Xenotopias – progress
I am really happy to be getting closer to a finished concertina book, titled “Xenotopias.” The name came from Rob Macfarlane’s book The Old Ways: A Journey on Foot. It means strange or foreign places.
The book started with patchwork squares depicting landscapes. Developed for practice stitching curves in Jude Hill’s Patchwork in Perspective class. Most of the scraps came from a big bag of scraps purchased from Deb Lacativa.
The next step was to assemble pages. This required a backing fabric to frame the squares, and an insert material for stiffness. The concertina should stand up when opened and turning the pages should be a soft but not floppy experience.
My first choices were a stiff muslin for the background and cut squares of cardboard mailers for the inserts. I made a few of these, but honestly it was a painful struggle. The muslin was really hard to stitch through. I could attach the patch through one layer easily enough, but trying to assemble the pages was really difficult. I bought a thimble. Didn’t really help. I went on vacation, got sick, then the holidays, then a spurt of crochet projects. A nagging feeling that I’d abandoned the project.
Meanwhile the urge to dye kicked in and I dyed some white lightweight cotton with walnuts. On a whim, I laid out some patchwork squares on this dyed piece. Eight squares fit with a small but adequate seam allowances. A way forward!

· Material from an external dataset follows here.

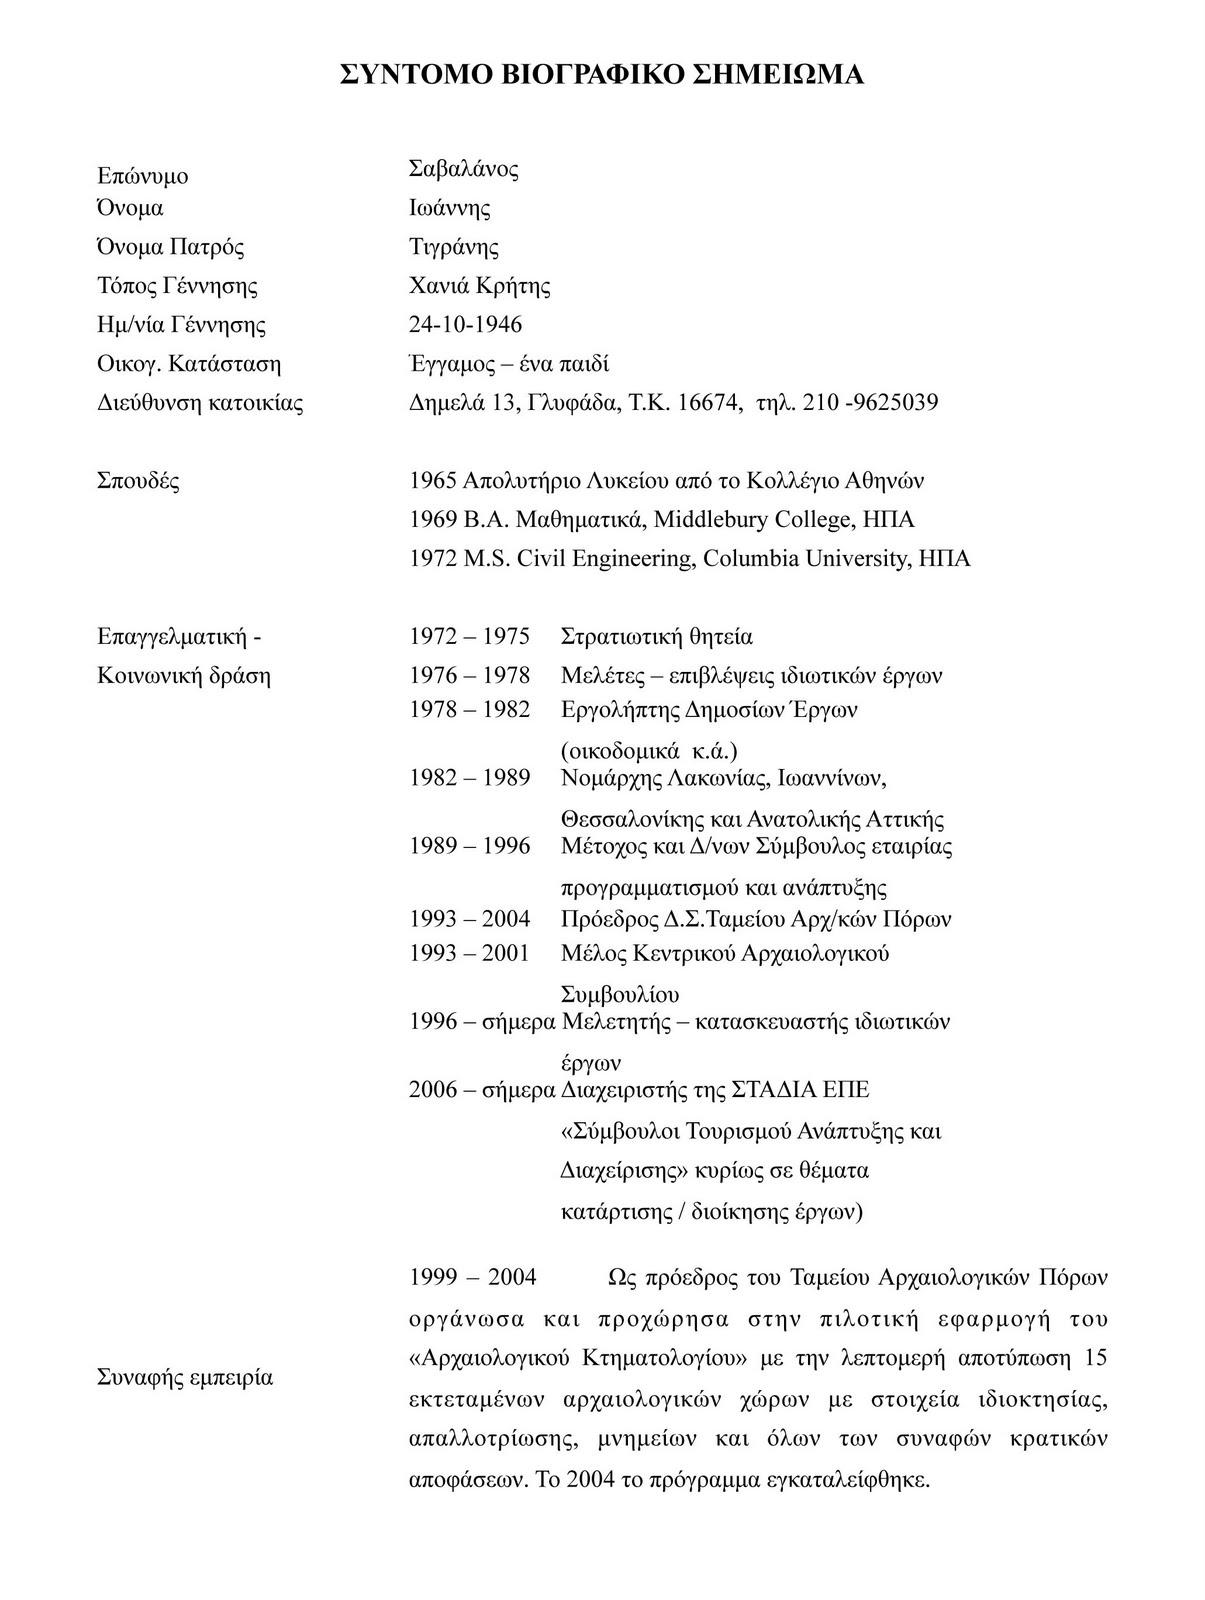 ΒΙΟΓΡΑΦΙΚΟ ΣΗΜΕΙΩΜΑ Επίθετο Χατζηλιάδης Όνοµα Αναστάσιος Πατρώνυµο Στέφανος  ΠΡΟΤΥΠΟ ΓΕΙΑ ΣΑΣ γιάννης κορωναίος 5c84460c78e

In one evening, I stitched all eight squares onto their walnut-colored backing fabric with white silk thread. It took another day or two to stitch the squares into pages, right sides together, with a beige cotton thread that blended in. I chose a square of mull for the insert. (I bought mull after hearing about it on Jody Alexander’s Instagram as a stiffener for a fabric concertina.) It gave the right feel, more bendable than card yet holding its own when the book was standing on end.
So at last the final decision was how to join the pages. I’d saved a few Instagram posts of other people’s books with embroidered joins, but I wanted something a little fancier. I had learned a key term – “insertion stitch” – and a little YouTube browsing brought me to this video:
316-Decorative joining of two edges with needle(Randa embroidery) By Sushma’s Craft and Creations
I don’t understand most of the narration. Only a few words like “anti-clockwise” are in English. But I could follow the video well enough to recreate the join in a green variegated Valdani pearl cotton thread. I finished one join this morning. Two more and the book will be complete!
I couldn’t find any other tutorials on “randa embroidery” online, but I’d love to find out more about it. More ideas using this method of joining are percolating!